Task item. Only the lines in the entries below from the line with "Amelia Earhart Printable - Grades K-3" to the line with "Ryan gosling wgeb he notices the paparazzi", both included, belong in the answer, transcribed exactly and without pictures.

Task data.
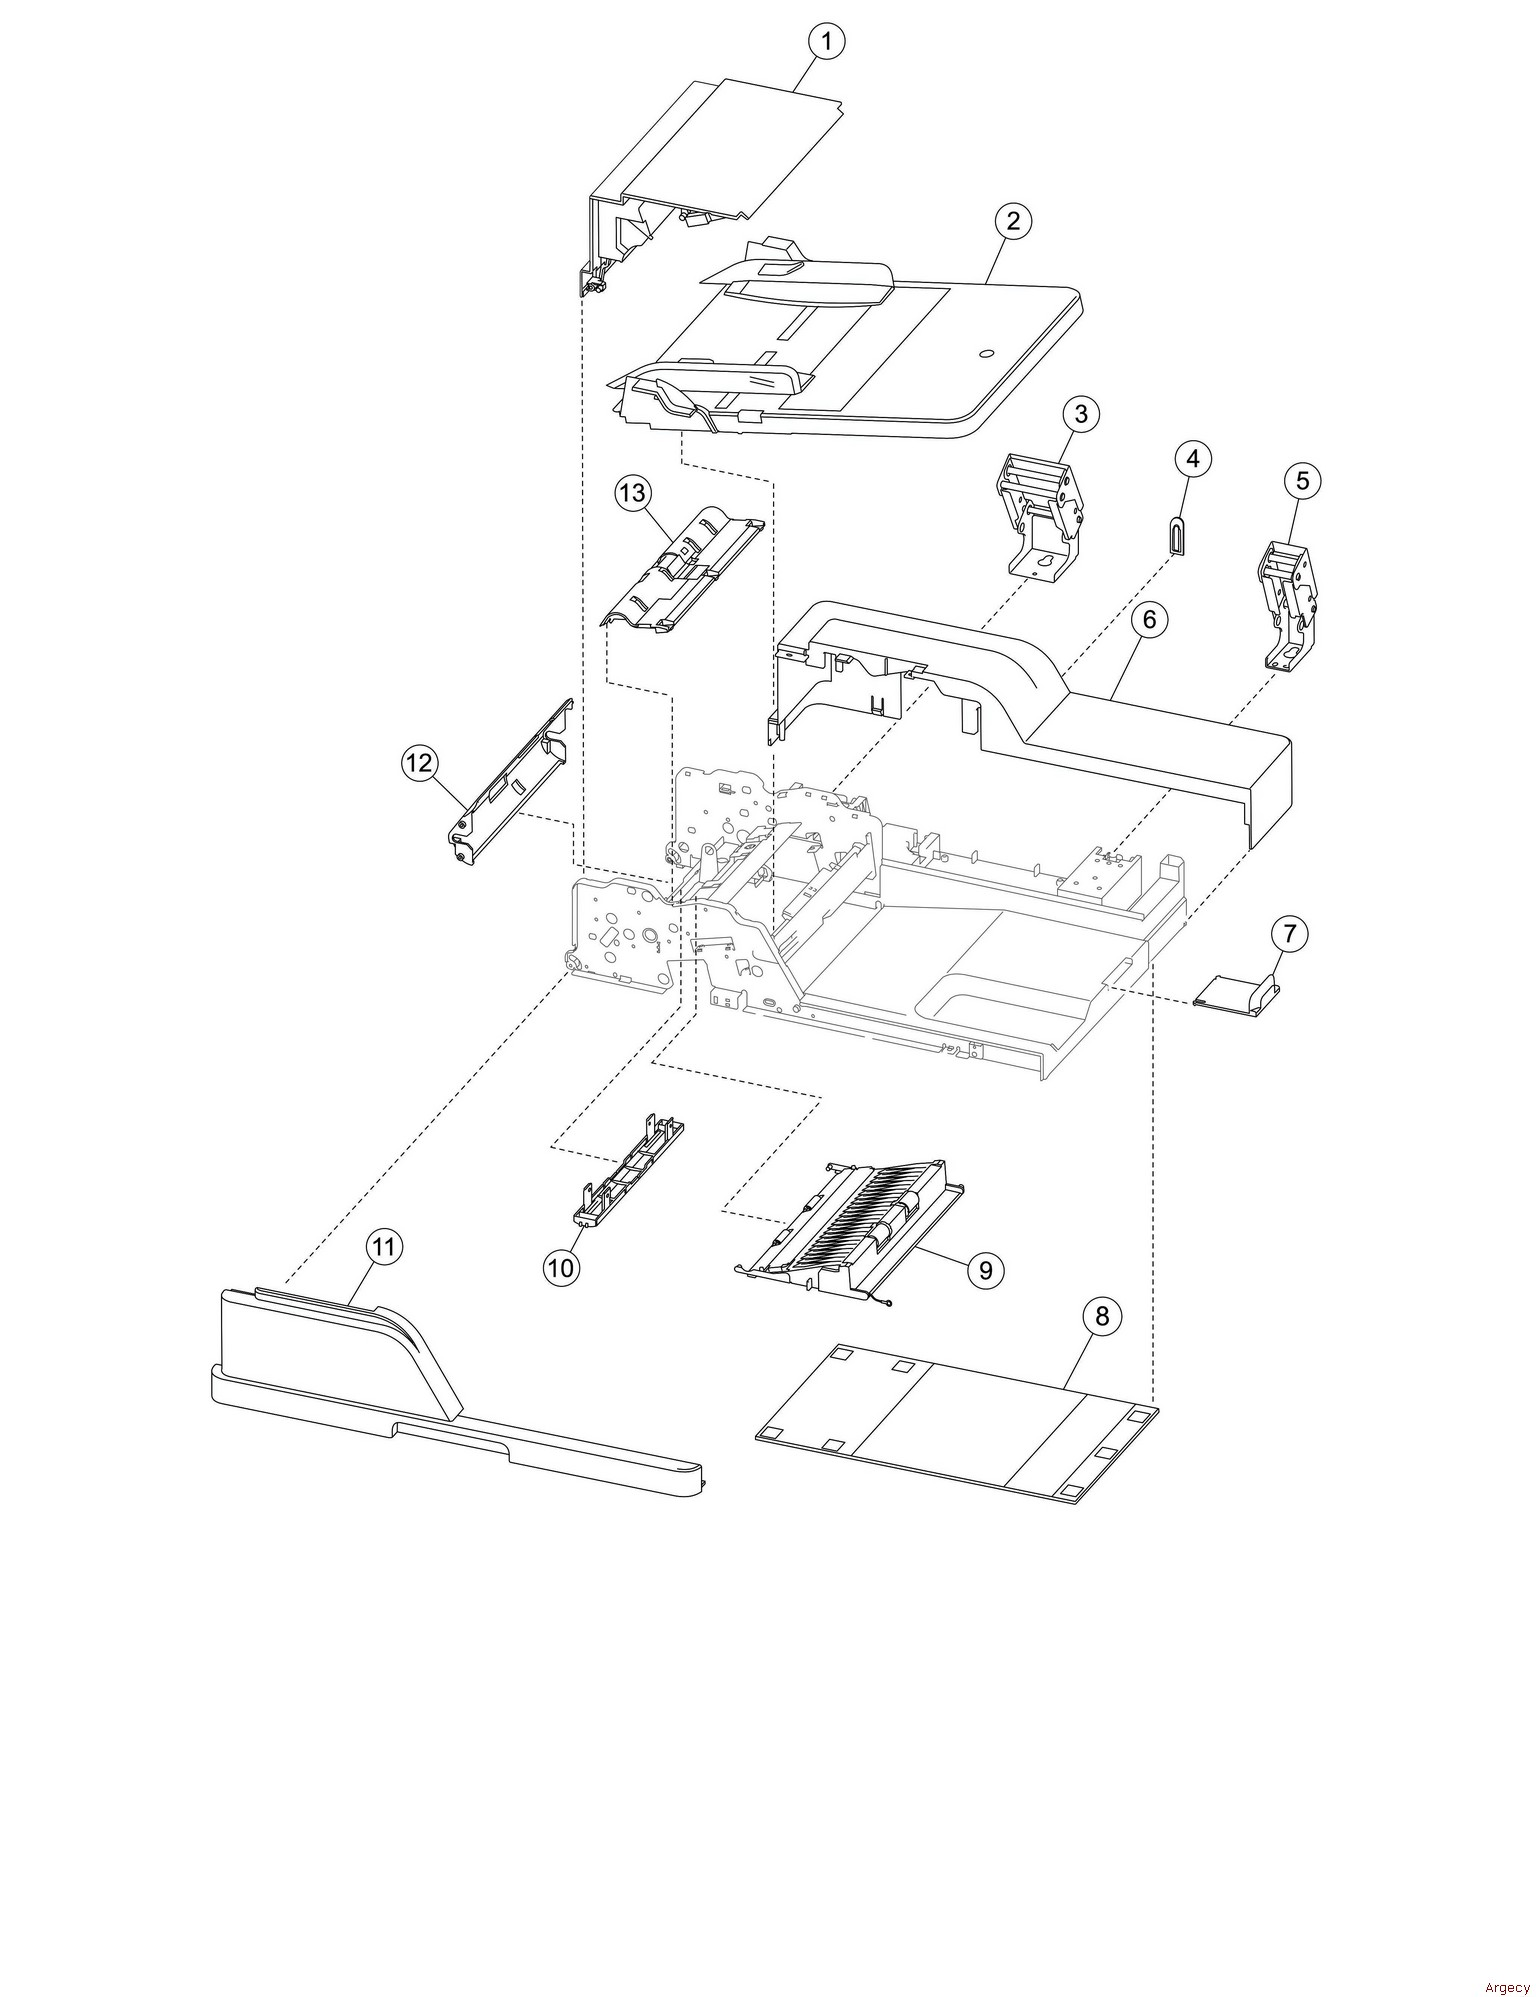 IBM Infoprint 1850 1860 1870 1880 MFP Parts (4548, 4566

...

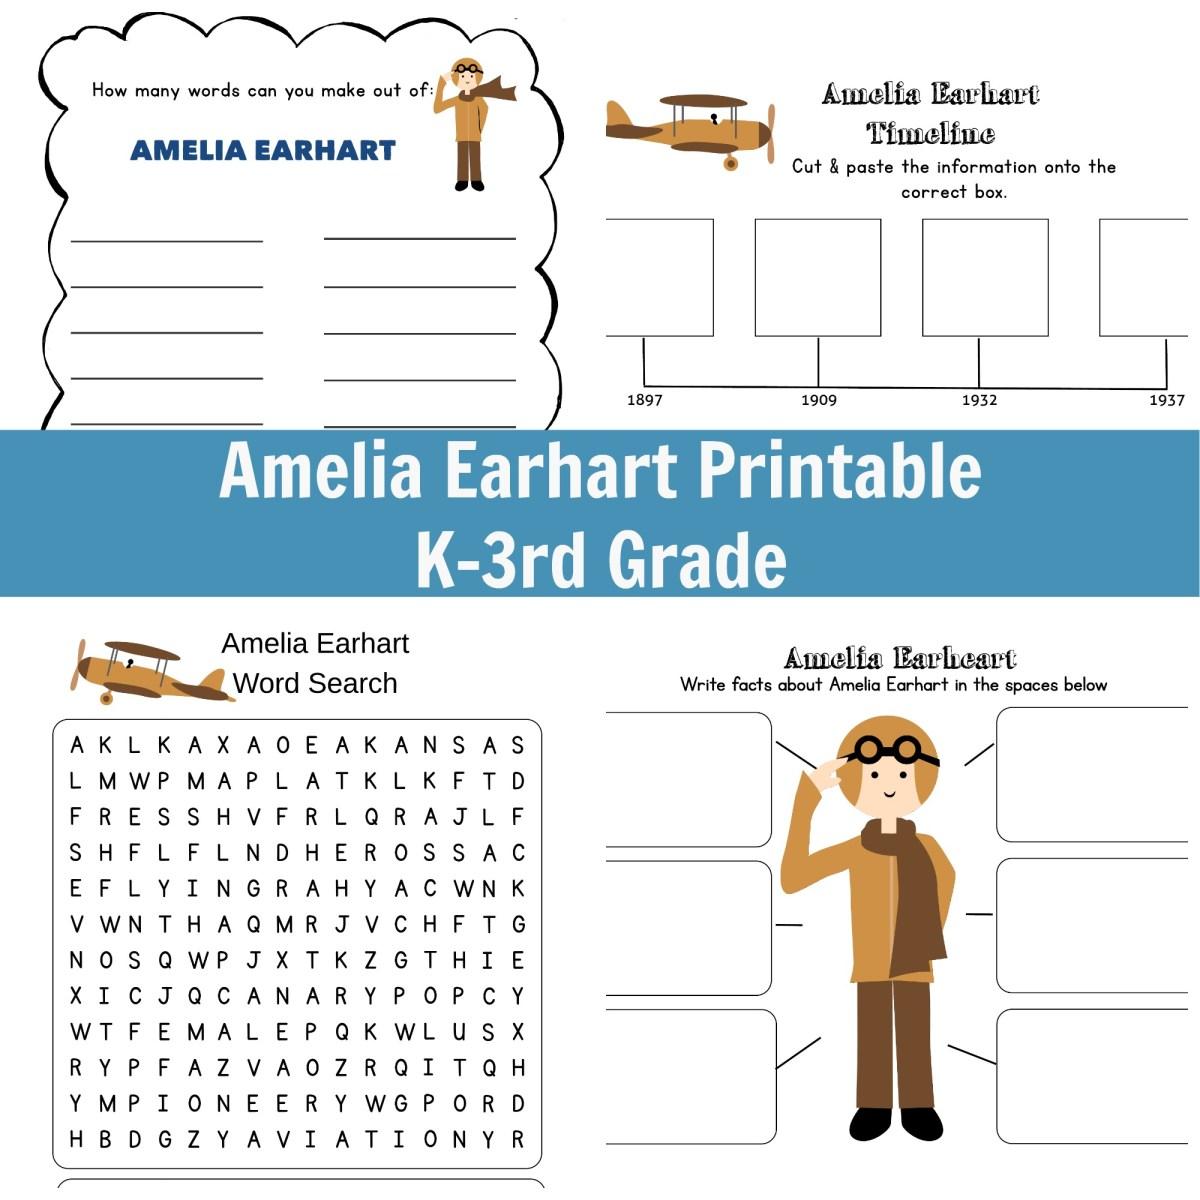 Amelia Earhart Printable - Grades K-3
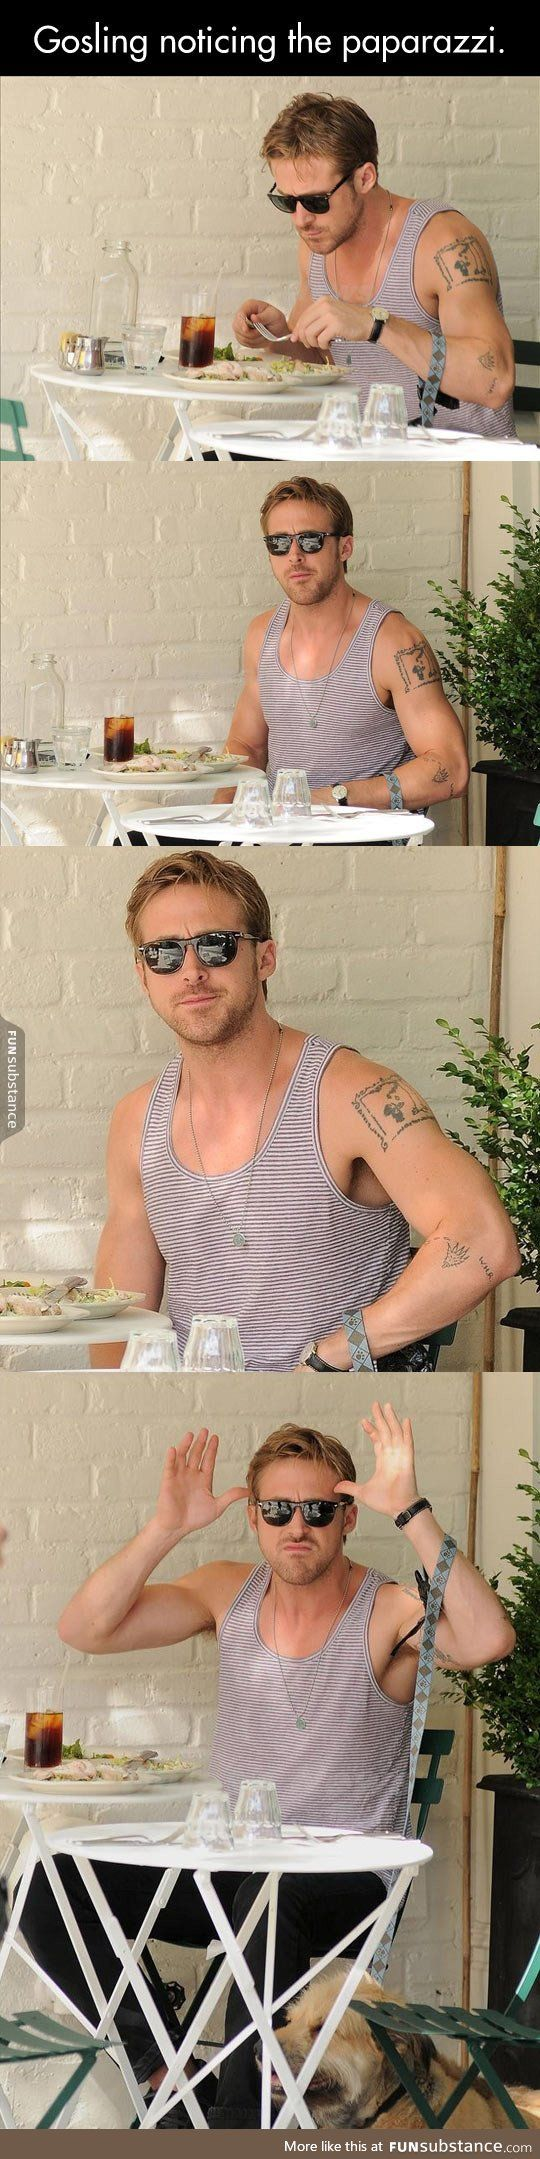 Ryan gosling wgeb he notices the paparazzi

* * *

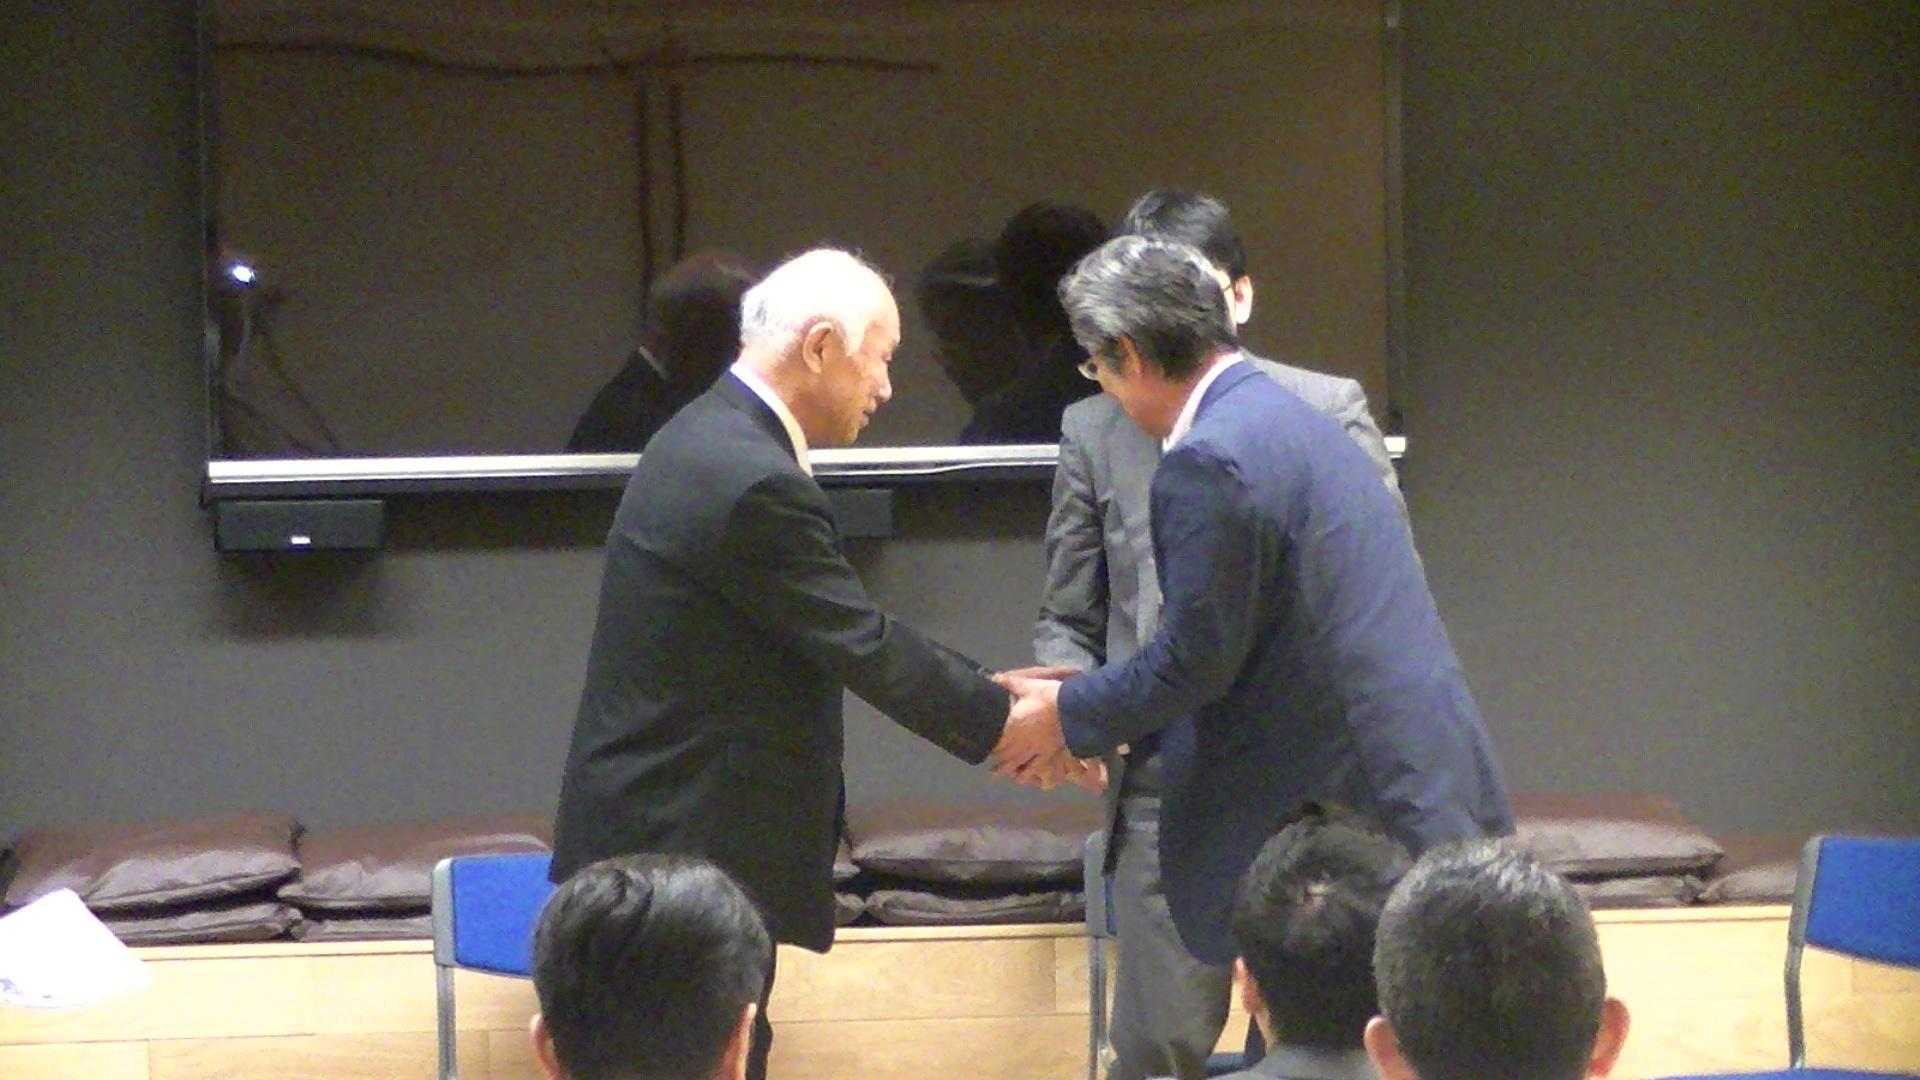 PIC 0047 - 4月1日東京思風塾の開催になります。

Expected answer.
 Amelia Earhart Printable - Grades K-3
 Ryan gosling wgeb he notices the paparazzi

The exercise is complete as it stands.